According to a Dec. 3, 2020, Social Driver blog post, the lens has been used more than 7.2K times on Instagram, generating over 10,000 views. The lens was also featured on AAM’s Biosimilars campaign website to continue to engage users and was shared by the American Marketing Association in San Diego as an example of ways organizations are leveraging social media to raise brand awareness. 

“The interactivity and virality of #b10similars are unlike anything our association — or maybe any association — has ever done. The novelty of being a first-mover in using an augmented reality lens in advocacy is great, but the real value is being able to expand our visibility to highly trafficked but underutilized platforms, like Instagram and Snapchat,” stated Erica Klinger, senior director of marketing at AAM.

Getting Out of Your Comfort Zone

So, how do you get advocacy organizations to go outside their comfort zone and try new digital strategies? Abdool advises that any campaign gets buy-in on goal alignment from three audiences: “the board room, the showroom, and the war room.” 

“For the board room, you need to ask, ‘What do the business leaders care about?’ ‘What’s going to move their bottom line at the end of the day?’ With the showroom, you’re talking about your audience – ‘Where are they located?’ ‘What do they care about?’ ‘What are they talking about?’ The war room is the marketing team – we need to make sure we don’t lose sight of what’s going to be most effective with our audience, giving them something that they care about and in a way that they can digest,” she said. “Once you start to set your goals against each of these sections, you start to have a strong narrative for supporting the outcome.”
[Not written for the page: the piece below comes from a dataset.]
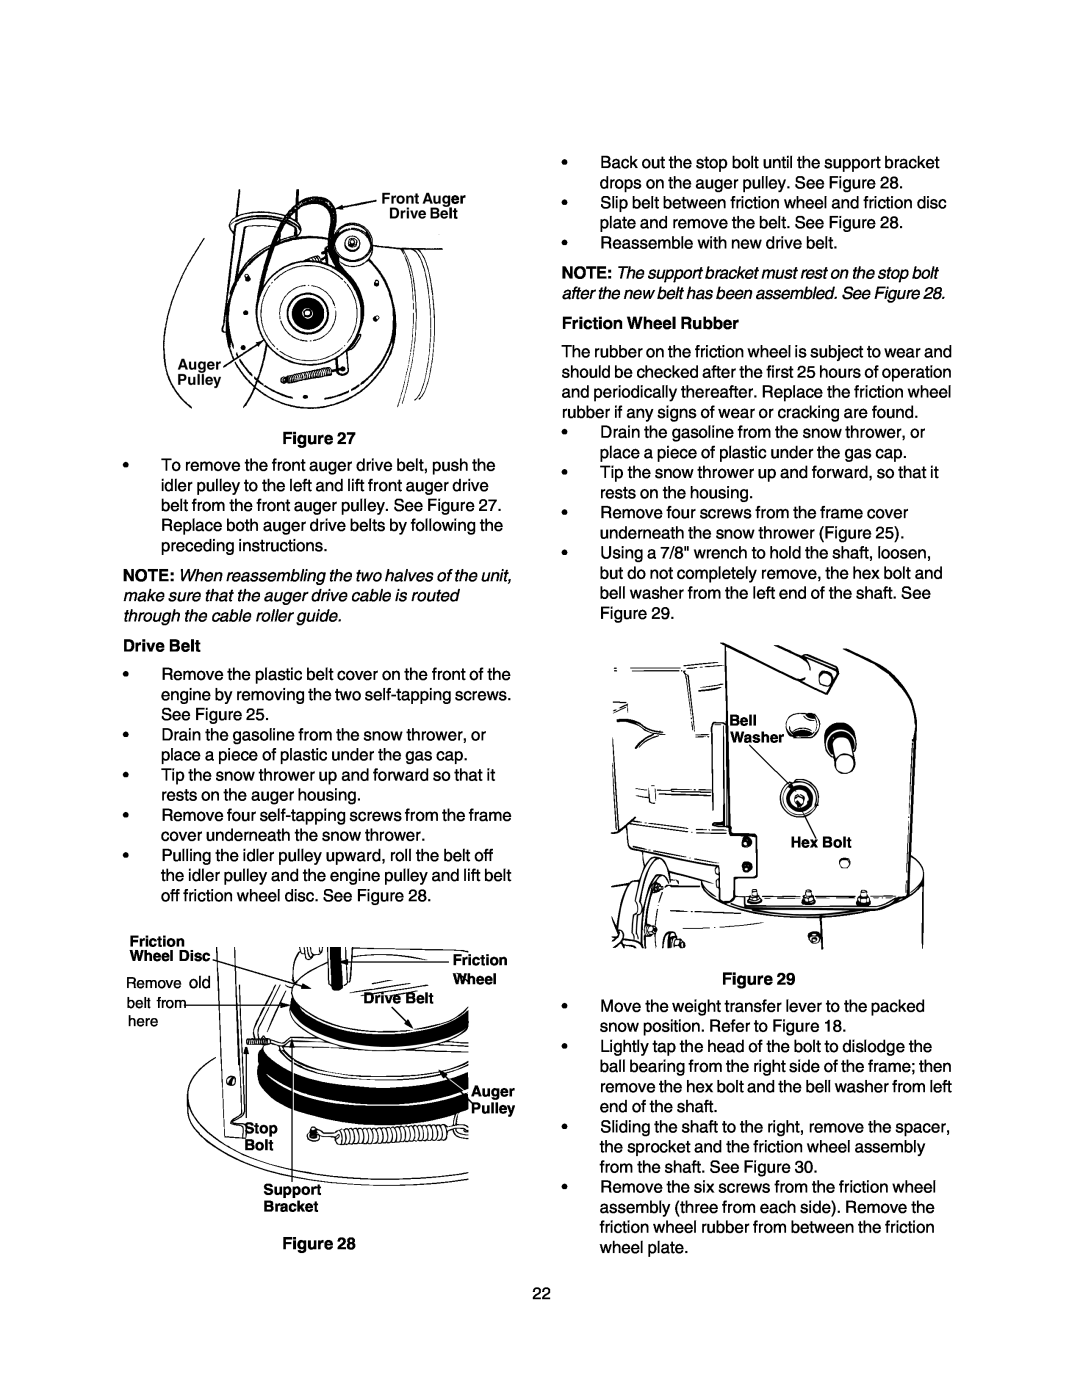 Craftsman 247.88855 owner manual Drive Belt, Friction Wheel Rubber

Deploying Micro-Campaigns to See What Works

Abdool also advises trying out a new digital campaign by doing micro-campaigns throughout the year when you aren’t activating your base in a crisis. This approach gives you time to test different types of creative assets. 

“Doing micro-campaigns let you see what works for your base and what doesn’t,” she explains, “so when you have that moment where you have to activate them, you know exactly what’s going to work. It’s also a good way to get buy-in because you can do it on a smaller scale,” concludes Abdool.